By Jared Allen - 12/21/09 11:00 AM EST
House and Senate leaders are working on a deal to trade a “pay as you go” budgeting law for a fiscal reform commission.
The intention is to reach a deal that would allow Congress to raise the debt ceiling in February.
House Democratic leaders, including Speaker Nancy Pelosi (D-Calif.), have pushed for a “pay as you go," or “pay-go," law, but have run into objections from key Senate Democrats.
Senate Budget Committee Chairman Kent Conrad (D-N.D.) is leading the Senate’s charge to create an independent commission to examine the long-term fiscal outlook and propose a new budgetary framework that would be subject to an un-amendable, “take it or leave it” vote in both chambers.
Leadership aides say both sides are beginning to bend, especially after a furious round of saber-rattling over raising the federal debt ceiling that led Democrats in both chambers to conclude that, in the absence of a compromise, they faced mutually assured destruction.
Speaking to The Hill on Friday, Conrad confirmed that the goal of the talks is to trade a pay-go law for a fiscal reform commission acceptable to both chambers. He said Pelosi’s willingness to consider commission proposals has brought the two sides closer, and he added that “reasonable progress” was being made on a statutory pay-go proposal that he could accept as “workable.”
Pelosi and Conrad are getting help from Vice President Joe Biden, Treasury Secretary Timothy Geithner and other administration officials.
But Conrad cautioned that an agreement is a long way off.
“We still have a fair ways to go before we can reach any kind of conclusion,” he said.
Raising the debt ceiling has become the bigger bargaining chip in the fight.
Democrats in both chambers have threatened to block a proposed debt limit increase of $1.9 trillion to the $12.1 trillion debt limit if the other body didn’t give in to their demands.
Conrad secured pledges from at least a dozen senators to reject any debt limit increase without a commission bill attached, and conservative Blue Dog Democrats warned that they would do the same without a Senate concession to accept pay-go legislation.
On their last workday of the year, the House on Wednesday passed — with Blue Dog support — a standalone $290 billion debt ceiling increase. If the Senate approves that short-term increase, it would give both chambers until mid-February to reach agreement on the other issues.
Both sides want to avoid a situation wherein the U.S. would go beyond its debt limit and face the prospect of defaulting on its debts.
Speaking to reporters on Wednesday, Pelosi hinted at the discussions and expressed a newfound openness to consider a commission — along with certain unspecified conditions.
“There is talk of putting a commission together to review entitlements, the impact on our budget. And we are open to — all of us are open to those discussions,” Pelosi said. “We will look at that and see where we can come to agreement on that.”

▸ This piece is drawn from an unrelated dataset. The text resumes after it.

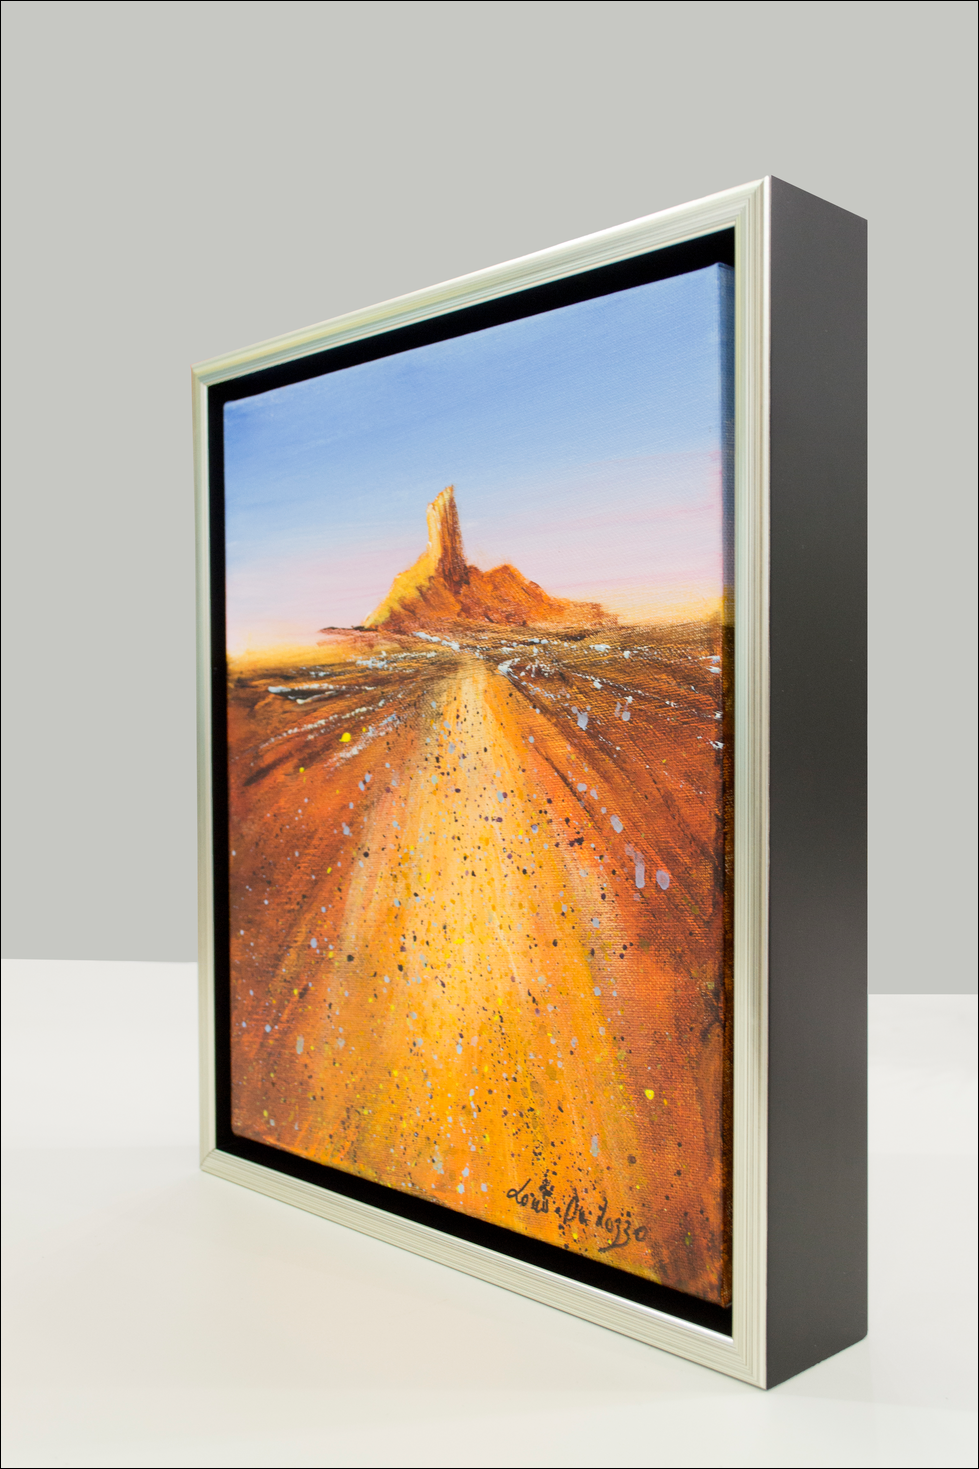 Framed Side View Of Landscape Painting "Study For Towards Chamber Pillar NT" By Louis Dalozzo

“But it’s also possible that the key decision point will be in February,” he said.
While there are considerable logistical obstacles in front of anything other than the Senate’s quick adoption of the House’s short-term debt limit increase, Conrad and other Senate leaders still haven’t reached agreement among themselves on what specific commission proposal could garner 60 Senate votes.
Pelosi on Wednesday indicated that she intends to leverage the Senate’s own lack of consensus on a commission as much as she can.

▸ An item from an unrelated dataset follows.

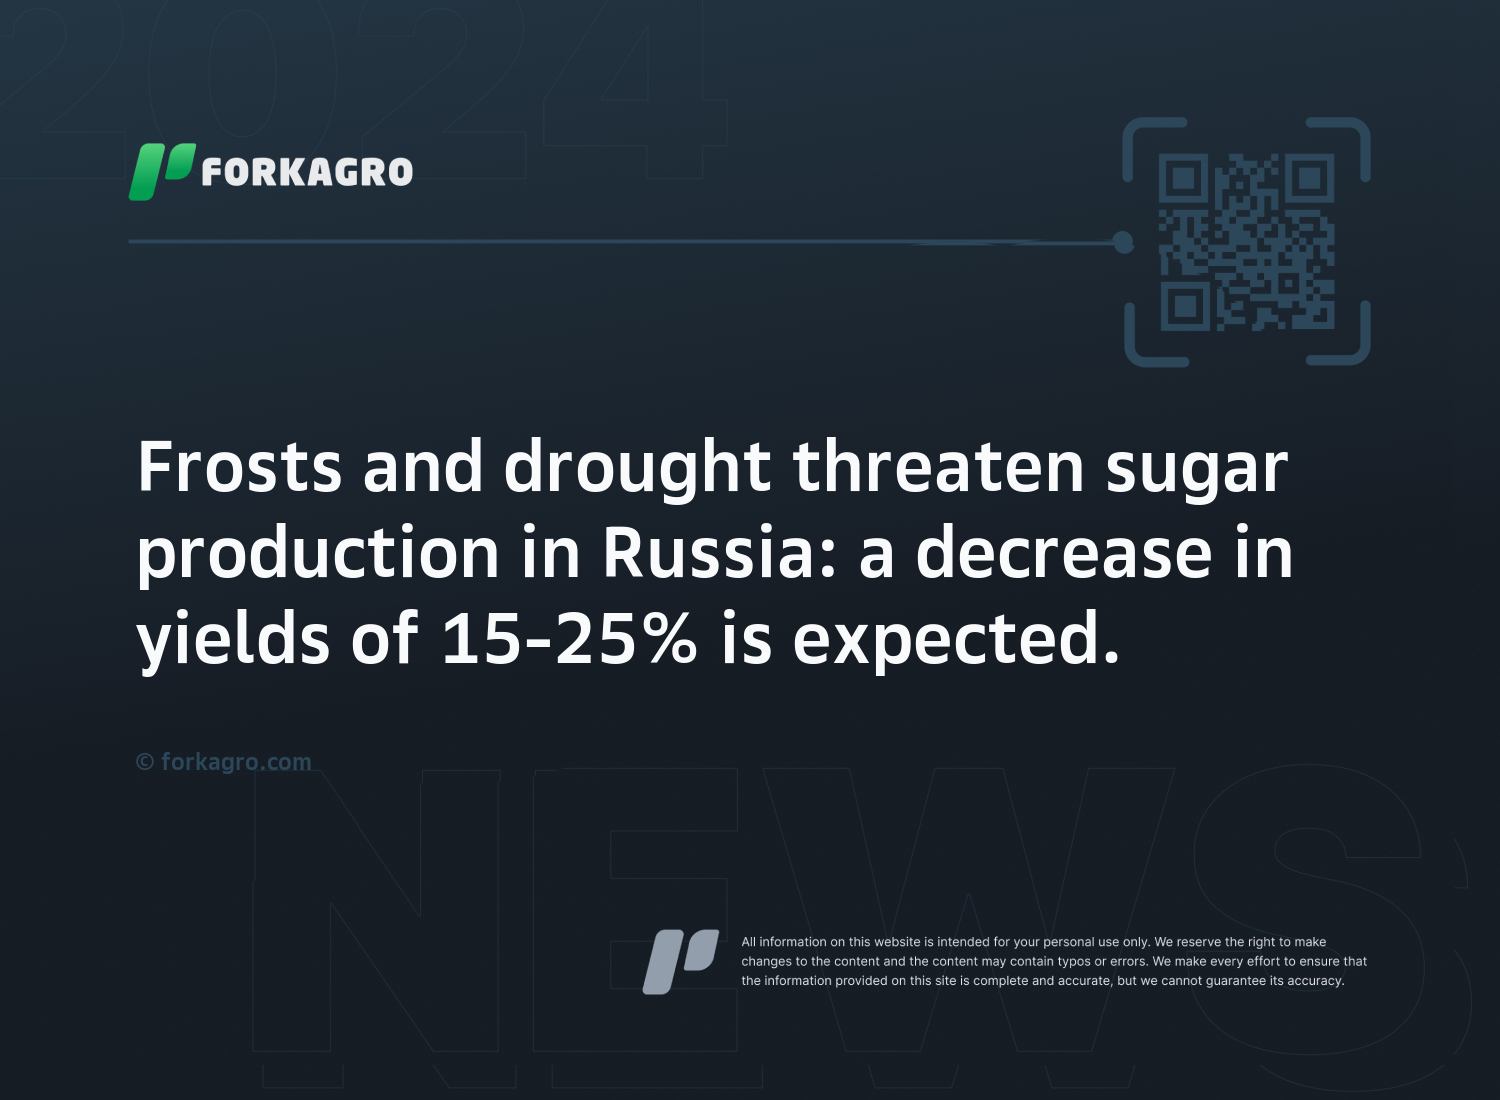 Frosts and drought threaten sugar production in Russia: a decrease in yields of 15-25% is expected.

“We will come to terms on a commission — by the way, one that can pass the Senate,” Pelosi said.
She said the current proposal can’t pass in the Senate, so discussions should center around a commission that would pass muster in both chambers.
Discussions should center around something that can win approval, rather than something that “some people think should happen but doesn’t really have the votes,” Pelosi said.